*** Block opens ***

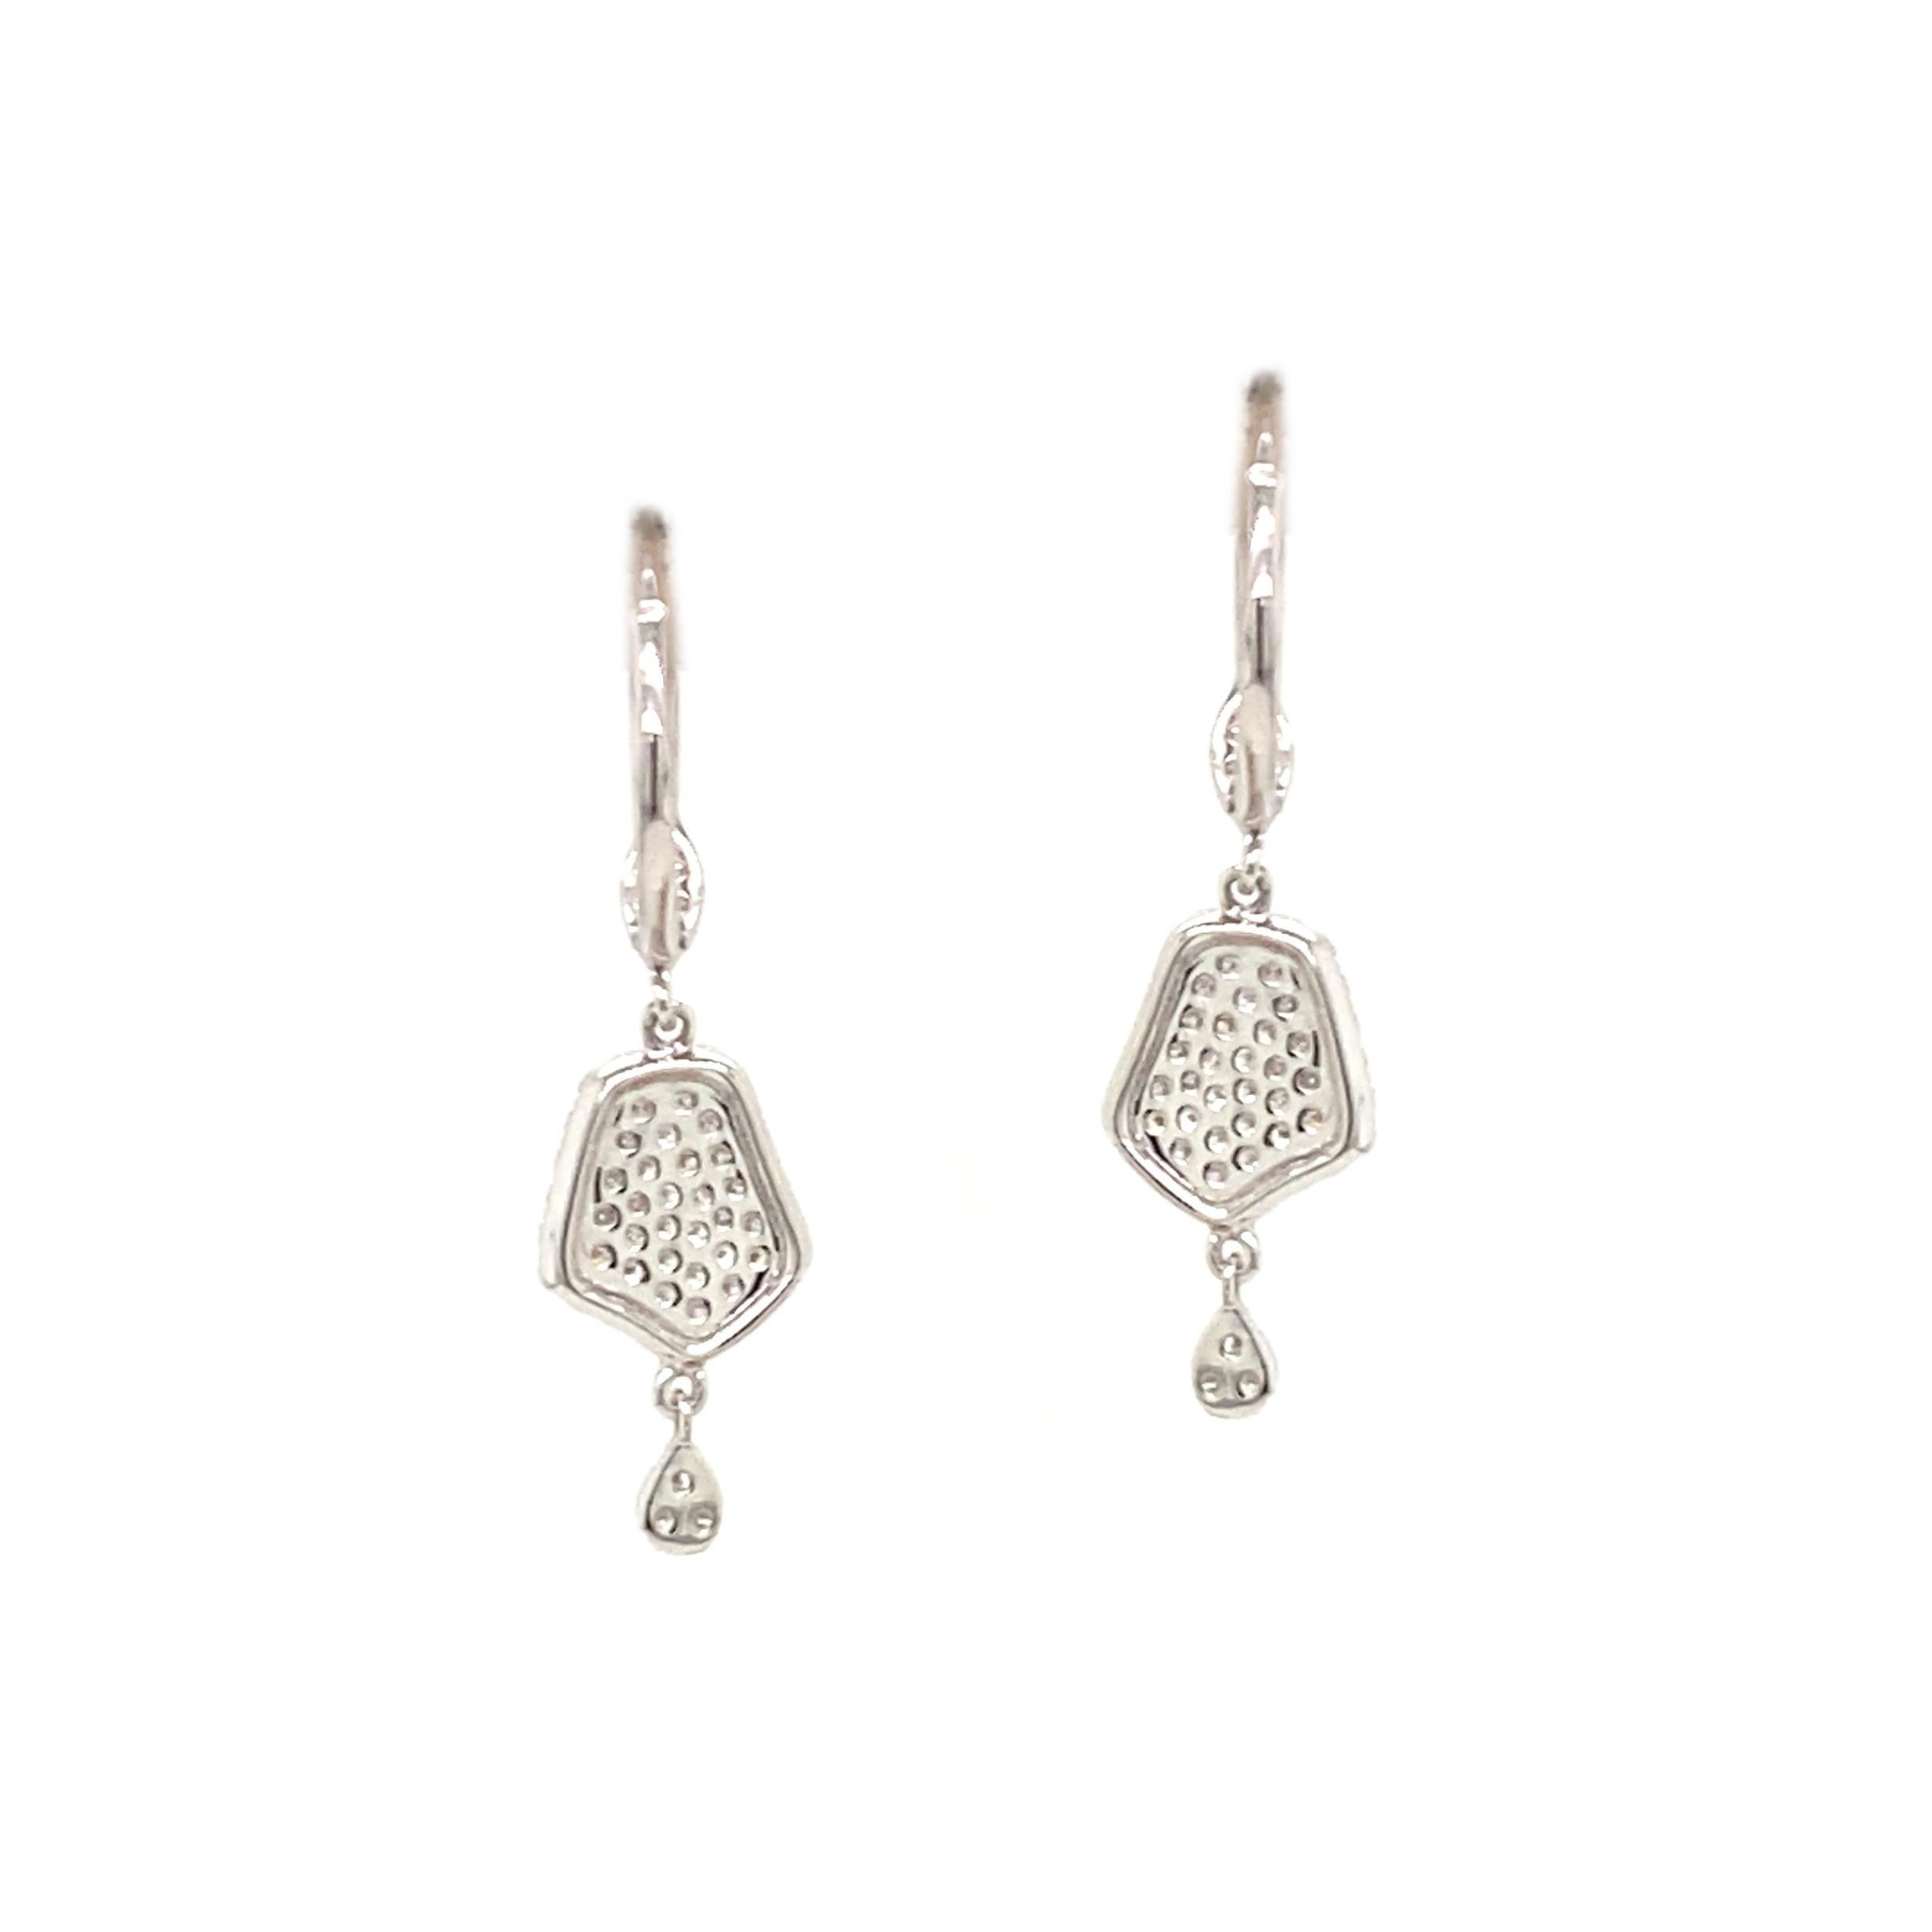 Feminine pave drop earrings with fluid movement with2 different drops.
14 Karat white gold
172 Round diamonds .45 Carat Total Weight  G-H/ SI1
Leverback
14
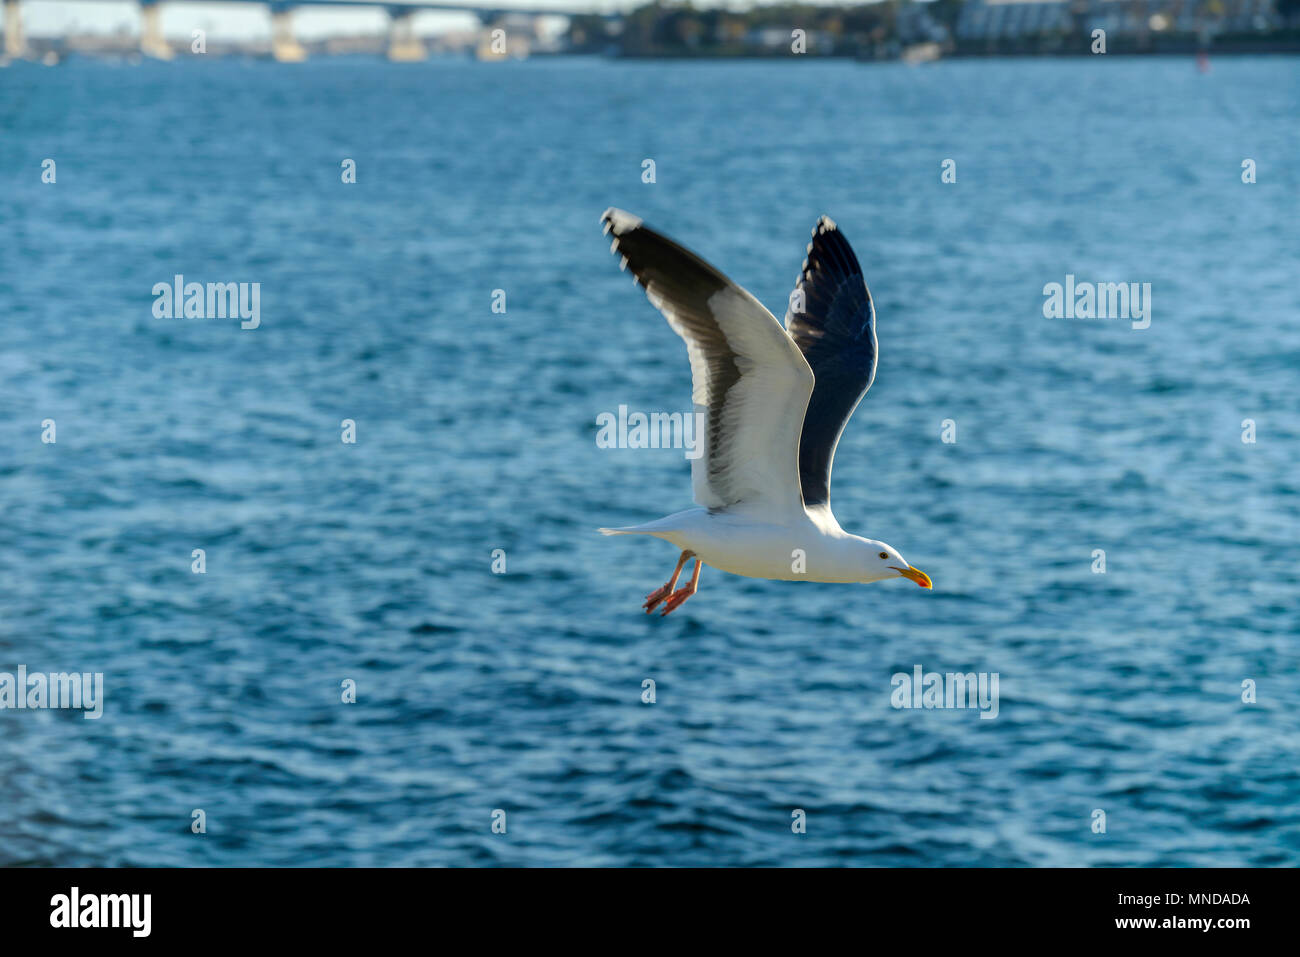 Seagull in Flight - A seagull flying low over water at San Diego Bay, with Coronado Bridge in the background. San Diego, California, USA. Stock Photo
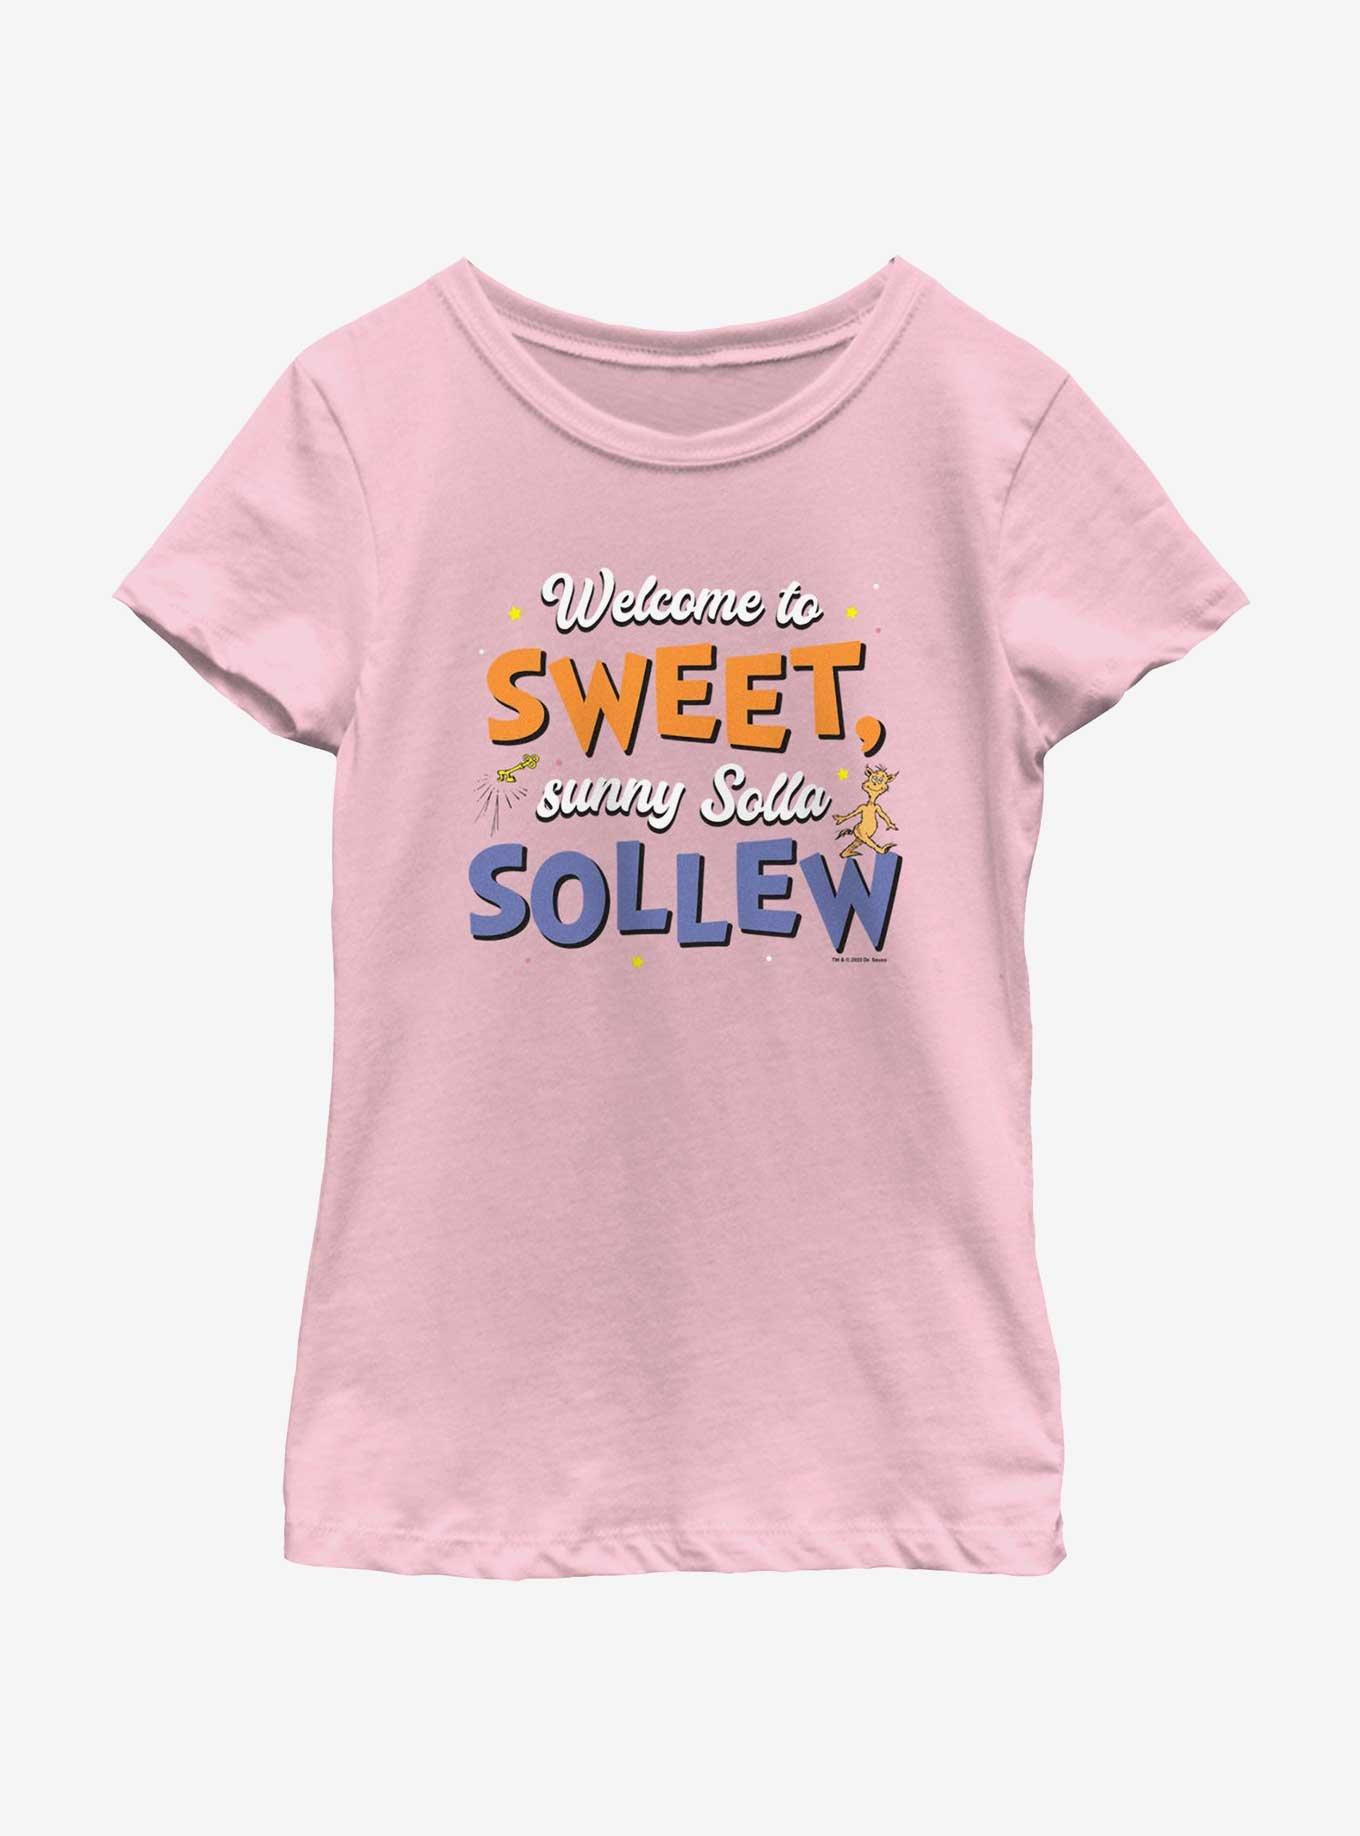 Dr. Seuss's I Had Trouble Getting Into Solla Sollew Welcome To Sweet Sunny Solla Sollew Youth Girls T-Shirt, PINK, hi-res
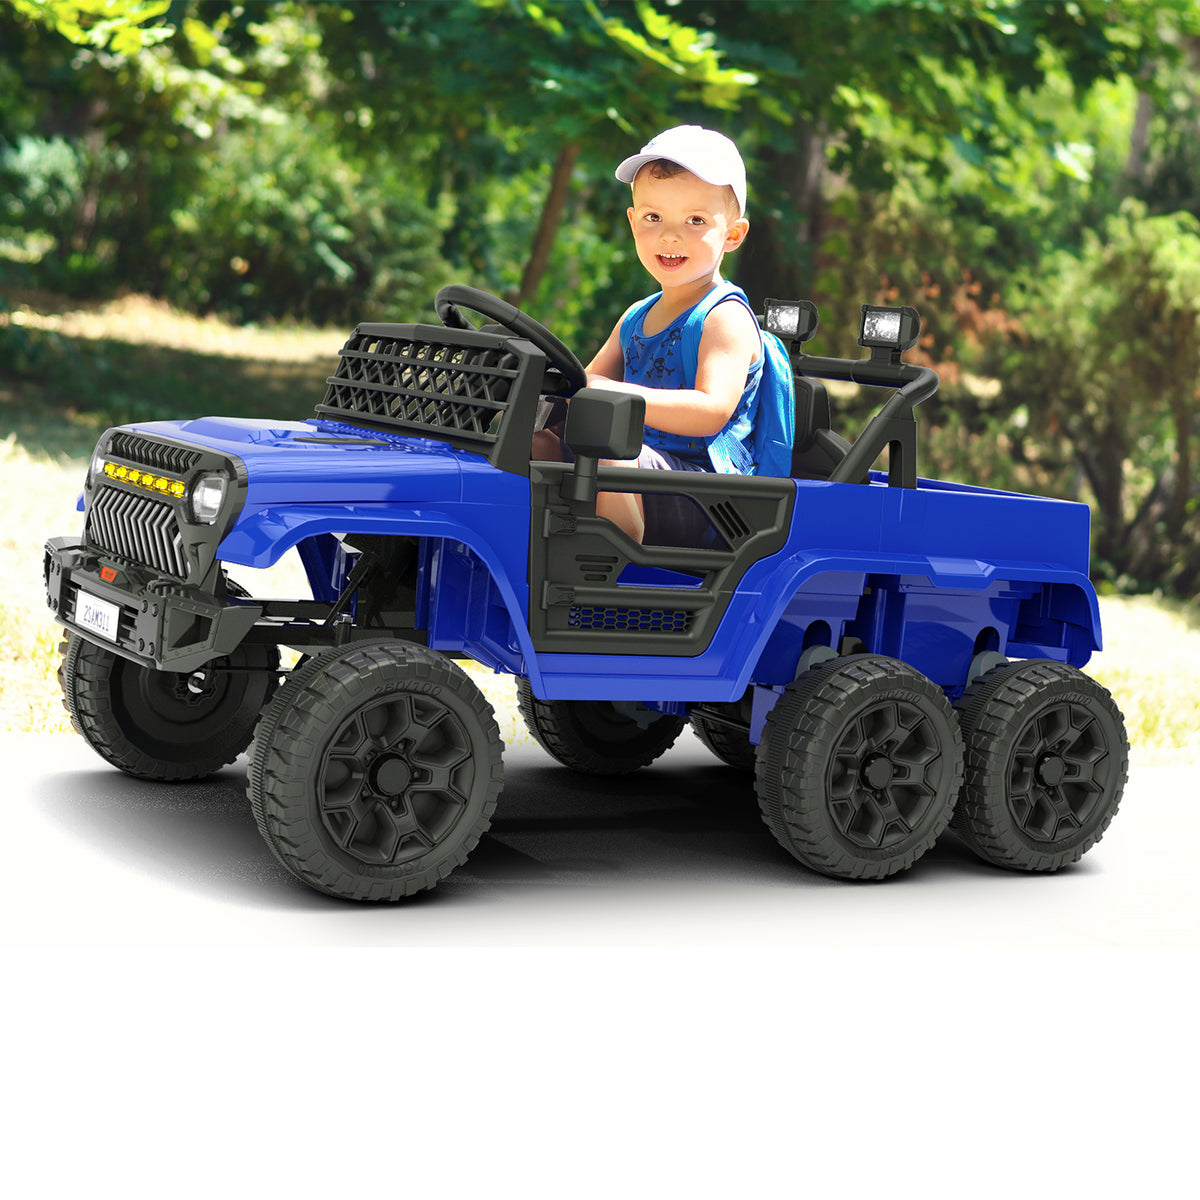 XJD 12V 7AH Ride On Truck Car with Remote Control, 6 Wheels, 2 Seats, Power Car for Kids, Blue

*** Block closes ***

Goal of the exercise
Pictures stay out of the copy. Reproduce exactly the lines from the one containing "14 Karat white gold" through the last line of the records above, both included.

Expected answer
14 Karat white gold
172 Round diamonds .45 Carat Total Weight  G-H/ SI1
Leverback
14
 Seagull in Flight - A seagull flying low over water at San Diego Bay, with Coronado Bridge in the background. San Diego, California, USA. Stock Photo
 Dr. Seuss's I Had Trouble Getting Into Solla Sollew Welcome To Sweet Sunny Solla Sollew Youth Girls T-Shirt, PINK, hi-res
 XJD 12V 7AH Ride On Truck Car with Remote Control, 6 Wheels, 2 Seats, Power Car for Kids, Blue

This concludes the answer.